At length the time came when Charles was at liberty to follow his own opinions: Mr. Darford died, and his fortune and manufactory were equally divided between his two nephews. “Now,” said Charles, “I am no longer chained to the oar. I will leave you, William, to do as you please, and drudge on, day after day, in the manufactory, since that is your taste: for my part, I have no genius for business. I shall take my pleasure; and all I have to do is to pay some poor devil for doing my business for me.”
“I am afraid the poor devil will not do your business as well as you would do it yourself,” said William: “you know the proverb of the master’s eye.”
“True! true! Very likely,” cried Charles, going to the window to look at a regiment of dragoons galloping through the town; “but I have other employment for my eyes. Do look at those fine fellows who are galloping by! Did you ever see a handsomer uniform than the colonel’s? And what a fine horse! ‘Gad! I wish I had a commission in the army: I should so like to be in his place this minute.”
“This minute? Yes, perhaps, you would; because he has, as you say, a handsome uniform and a fine horse: but all his minutes may not be like this minute.”
“Faith, William, that is almost as soberly said as my old uncle himself could have spoken. See what it is to live shut up with old folks! You catch all their ways, and grow old and wise before your time.”
“The danger of growing wise before my time does not alarm me much: but perhaps, cousin, you feel that danger more than I do?”
“Not I,” said Charles, stretching himself still farther out of the window to watch the dragoons, as they were forming on the parade in the market-place. “I can only say, as I said before, that I wish I had been put into the army instead of into this cursed cotton manufactory.
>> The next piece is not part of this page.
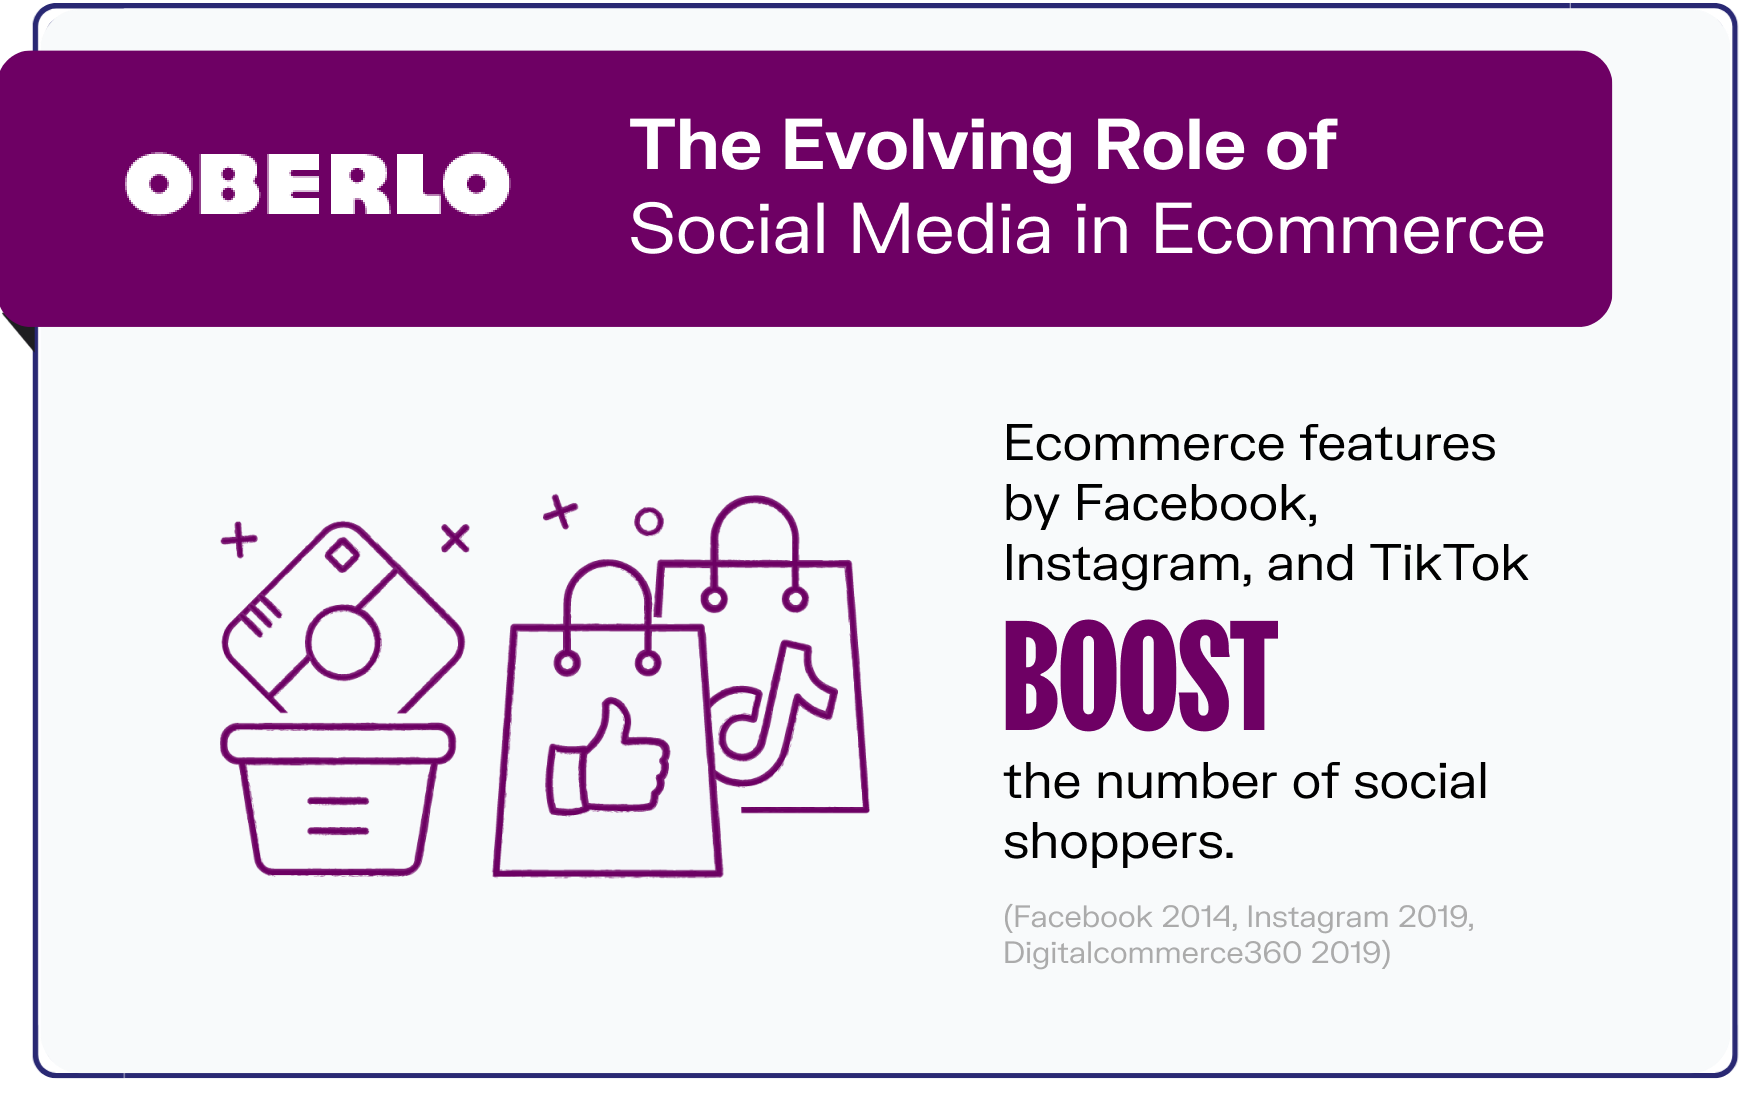 ecommerce trends graphic5

Now the army is a genteel profession, and I own I have spirit enough to make it my first object to look and live like a gentleman.”
“And I have spirit enough,” replied William, “to make it my first object to look and live like an independent man; and I think a manufacturer, whom you despise so much, may be perfectly independent. I am sure, for my part, I am heartily obliged to my uncle for breeding me up to business; for now I am at no man’s orders; no one can say to me, ‘Go to the east, or go to the west; march here, or march there; fire upon this man, or run your bayonet into that.’ I do not think the honour and pleasure of wearing a red coat, or of having what is called a genteel profession, would make me amends for all that a soldier must suffer, if he does his duty. Unless it were for the defence of my country, for which I hope and believe I should fight as well as another, I cannot say that I should like to be hurried away from my wife and children, to fight a battle against people with whom I have no quarrel, and in a cause which perhaps I might not approve of.”
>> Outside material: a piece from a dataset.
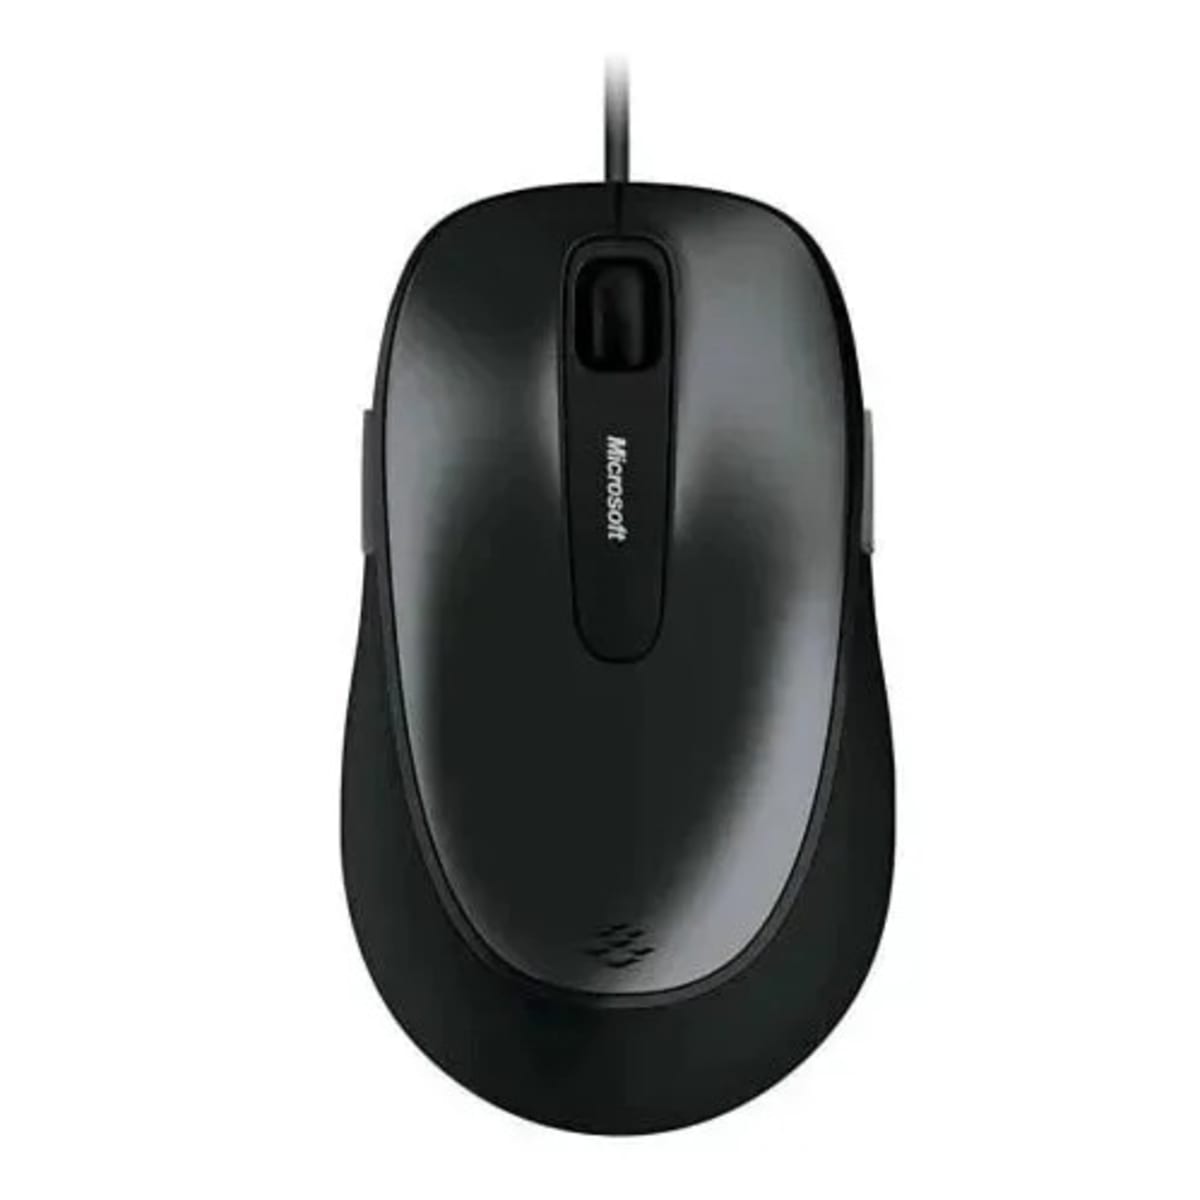 søster Premier krater Microsoft 4fd Button Usb Wired Mouse | Konga Online Shopping

“Well, as you say, William, you that have a wife and children are quite in a different situation from me. You cannot leave them, of course. Thank my stars, I am still at liberty, and I shall take care and keep myself so: my plan is to live for myself, and to have as much pleasure as I possibly can.”
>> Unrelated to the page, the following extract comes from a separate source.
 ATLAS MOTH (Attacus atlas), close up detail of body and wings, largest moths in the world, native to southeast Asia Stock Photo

Whether this plan of living for himself was compatible with the hopes of having as much pleasure as possible, we leave it to the heads and hearts of our readers to decide. In the mean time we must proceed with his history.
Soon after this conversation had passed between the two partners, another opportunity occurred of showing their characters still more distinctly.
A party of ladies and gentlemen, travellers, came to the town, and wished to see the manufactories there. They had letters of recommendation to the Mr. Darfords; and William, with great good-nature, took them to see their works. He pointed out to them, with honest pride, the healthy countenances of the children whom they employed.
“You see,” said he, “that we cannot be reproached with sacrificing the health and happiness of our fellow-creatures to our own selfish and mercenary views. My good uncle took all the means in his power to make every person concerned in this manufactory as happy as possible; and I hope we shall follow his example. I am sure the riches of both the Indies could not satisfy me, if my conscience reproached me with having gained wealth by unjustifiable means. If these children were over-worked, or if they had not fresh air and wholesome food, it would be the greatest misery to me to come into this room and look at them. I could not do it. But, on the contrary, knowing, as I do, that they are well treated and well provided for in every respect, I feel joy and pride in coming amongst them, and in bringing my friends here.”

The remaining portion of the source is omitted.